Лежать на его плече ей было неудобно. Она поерзала, переместилась головой на грудь. Подумала и, приподнявшись, посмотрела на него сверху.
— Больше не буду, — пообещал он и улыбнулся.
— Почему?
— Потому что твое спокойствие для меня дороже.
Теперь он знает, что она ревнивая дура. Ужас!
Таня снова легла и мрачно сказала:
— Нет уж. Помогай ей дальше. А то ее убьют, а я буду виновата.
— Не убьют.
— Степа, я хочу, чтобы ты продолжал заниматься ее делами. Я правда этого хочу. Она мне ужасно не нравится, но я точно знаю, что, если ты сейчас ее бросишь, мы оба с тобой будем виноваты. Это будет непорядочно, понимаешь? Ты ведь и сам лезешь в ее дела, потому что бросить Владу одну сейчас просто непорядочно. Правда?

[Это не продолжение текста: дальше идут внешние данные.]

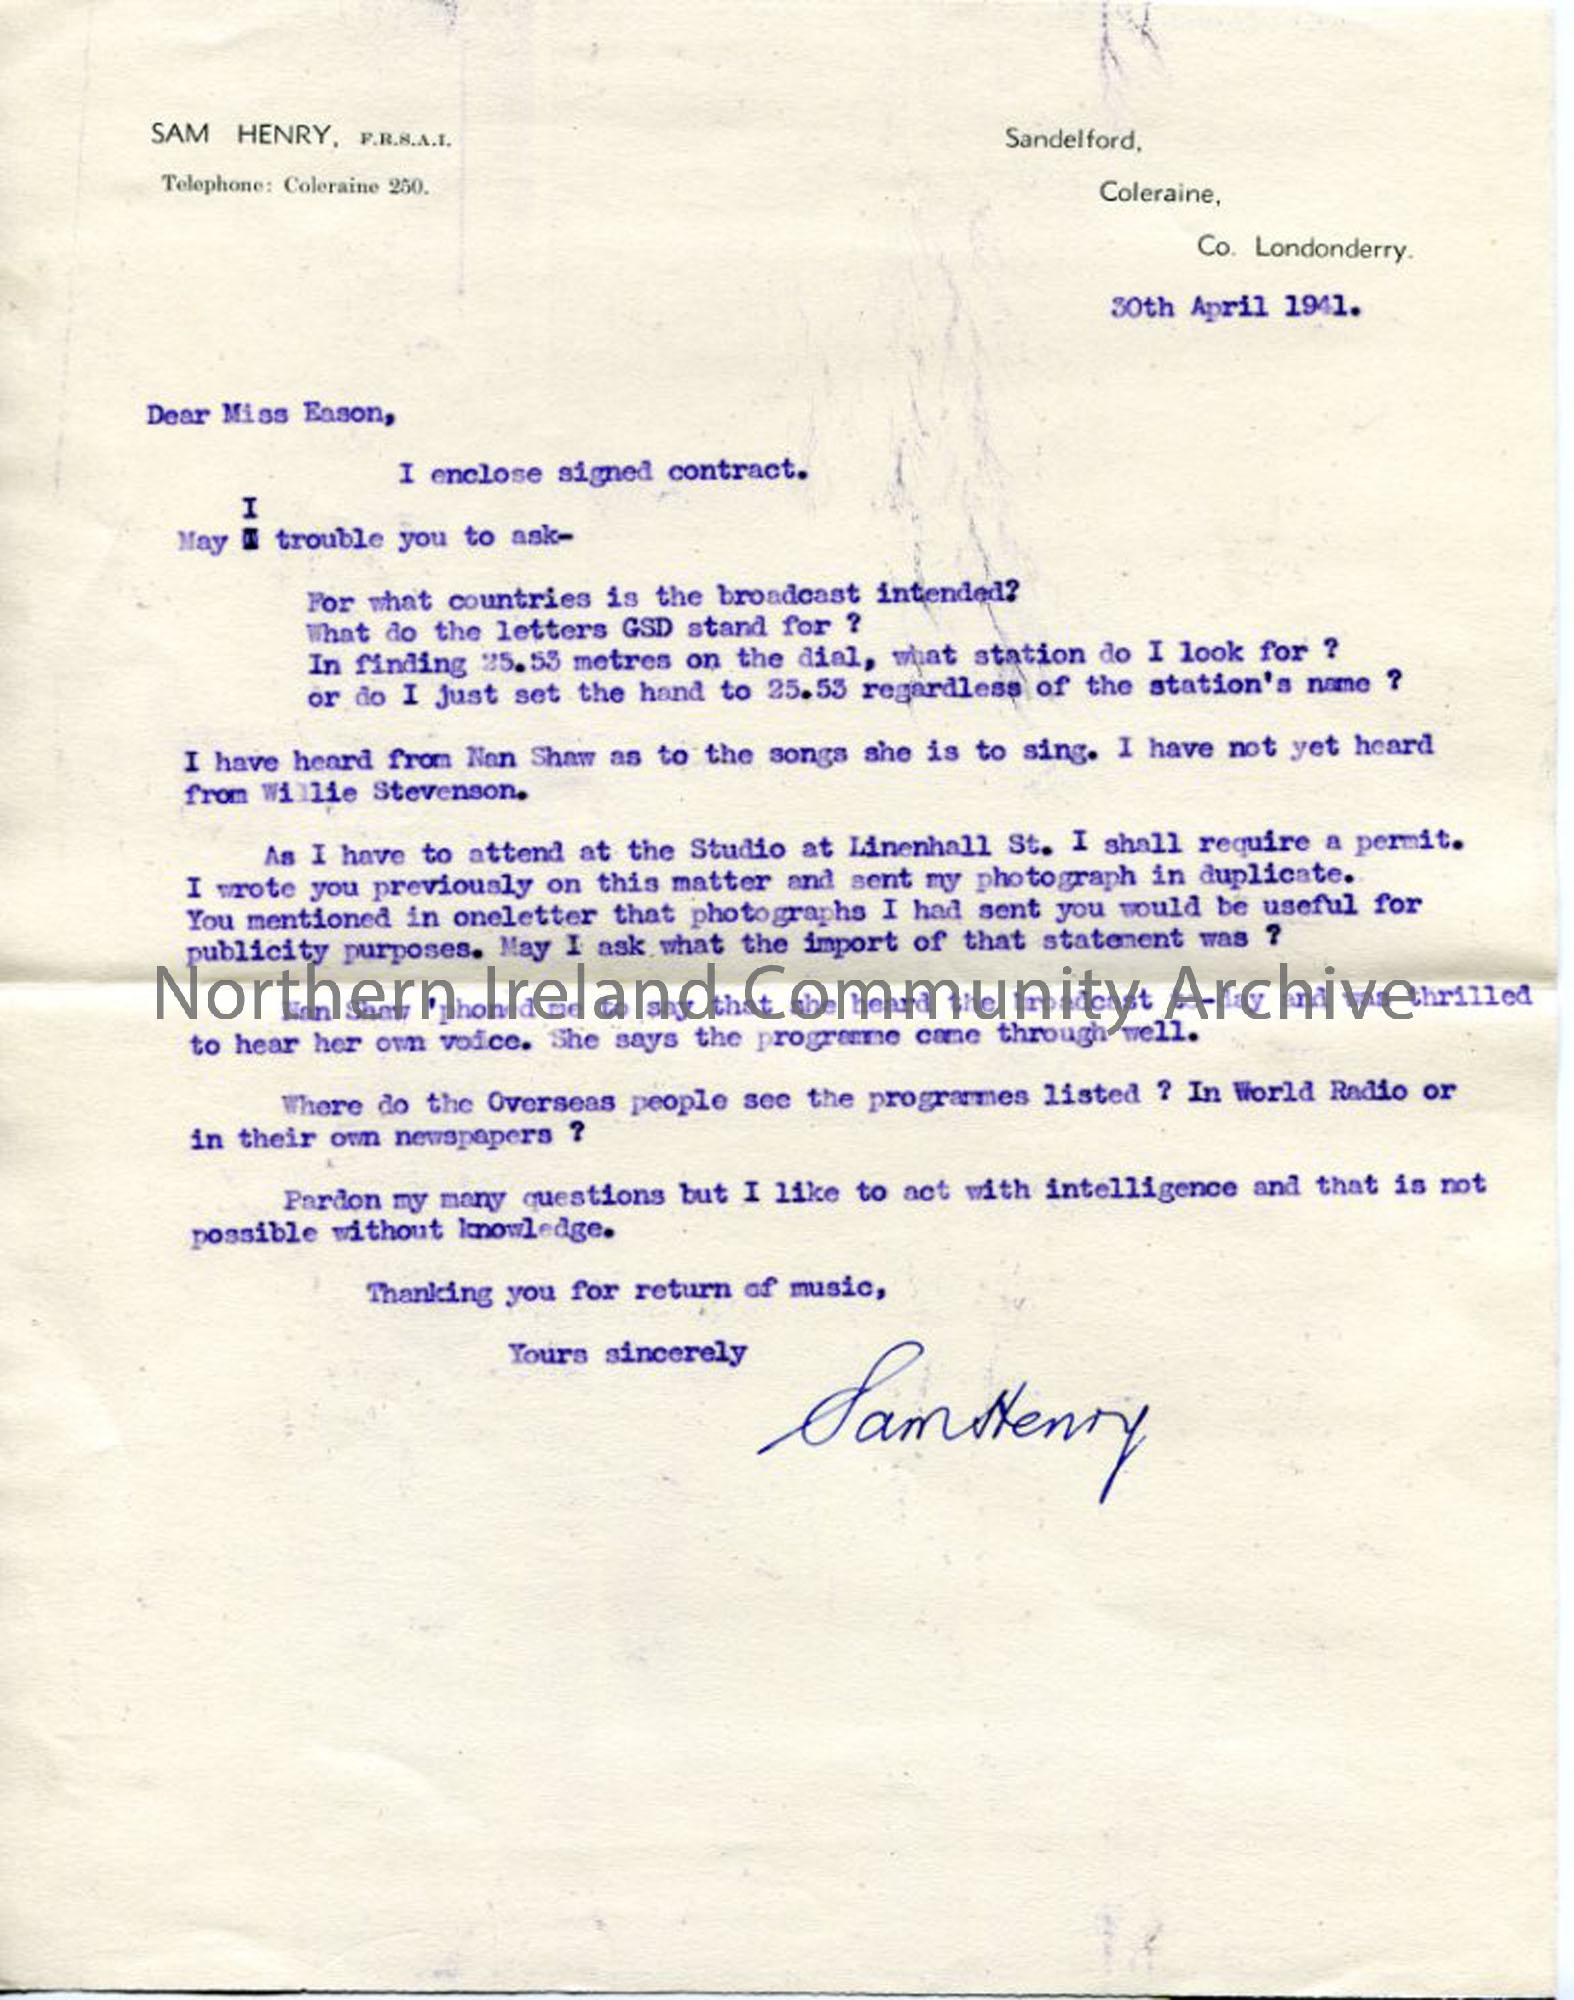 Letter to Miss Eason of the BBC from Sam Henry, dated 30.4.1941

— Не знаю, — честно сказал Дробышев. — Мне все время кажется, что меня дурачат. Только я не пойму, кто.
— Кто? — глупо спросила Таня.
— Да не понимаю я! И это мне не нравится.
Он нахмурился, и она снова легла ему на грудь.
— Тань, ты больше не дури, — попросил он. — А то я умру. От инфаркта.
— Инфаркта просто так не бывает, — улыбнулась она. — У тебя здоровое сердце и еще много лет впереди.
— У нас много лет впереди, — поправил он. — Без тебя мне ничего не нужно.
— Степа, — Таня помолчала и вздохнула. — Ты меня любишь?
Этого нельзя было спрашивать. Это совершенно неправильно. Нужно было ждать, когда он сам скажет. А теперь он будет думать, что она ему навязывается.
— Я без тебя жить не могу. — Дробышев покрепче ее прижал правой рукой. — Я вчера попробовал, и мне не понравилось.
Нужно было радоваться, но Таня отчего-то опять заплакала. До сегодняшнего вечера она не плакала очень давно и думала, что навсегда разучилась это делать.
Дана позвонила, когда Влада ненадолго задремала. Утренняя поездка утомила. Это плохо, это говорит об общей усталости. Раньше Влада ничего утомительного в поездке не нашла бы.